In the future, we will further improve the performance on user profiling. For keyphrase extraction, more state-of-the-art models modeling the representations of documents can be considered to extract more features, e.g., LSTM, hierarchical attention models and so on. For user tagging, we can further explicitly exploit the structures between each class of users, e.g., the taxonomy of labels, to improve the performance of multi-label classification. For user growth value prediction, methods based on point process can be employed to capture the characteristics of user growth value with time going by.
AUTHOR CONTRIBUTIONS
All of the authors contributed equally to the work.
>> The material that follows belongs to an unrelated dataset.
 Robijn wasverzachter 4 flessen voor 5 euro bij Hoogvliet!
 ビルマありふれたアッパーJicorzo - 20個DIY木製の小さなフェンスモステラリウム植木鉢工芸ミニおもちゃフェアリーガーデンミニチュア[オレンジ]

H. Shen (shenhuawei@ict.ac.cn, corresponding author) is the coordinator of the research group, and designs the whole framework for user profiling. G. Xing (xingguoliang@ict.ac.cn) and X. Yue (yuexinyu@ict.ac.cn) are the co-contributors for the task of keyphrase extraction. H. Gao (gaohao@ict.ac.cn) and B. Xu (xubingbing@ict.ac.cn) are the co-contributors for the task of user tagging. Q. Cao (caoqi@ict.ac.cn) and K. Cen (cenketing@ict.ac.cn) are the co-contributors for the task of user growth value prediction. All authors contributed to writing and revising this manuscript.
ACKNOWLEDGEMENTS
The work is supported by the National Natural Science Foundation of China (NSFC) under grant numbers 61472400, 91746301 and 61802371. H. Shen is also funded by K.C. Wong Education Foundation and the Youth Innovation Promotion Association of the Chinese Academy of Sciences.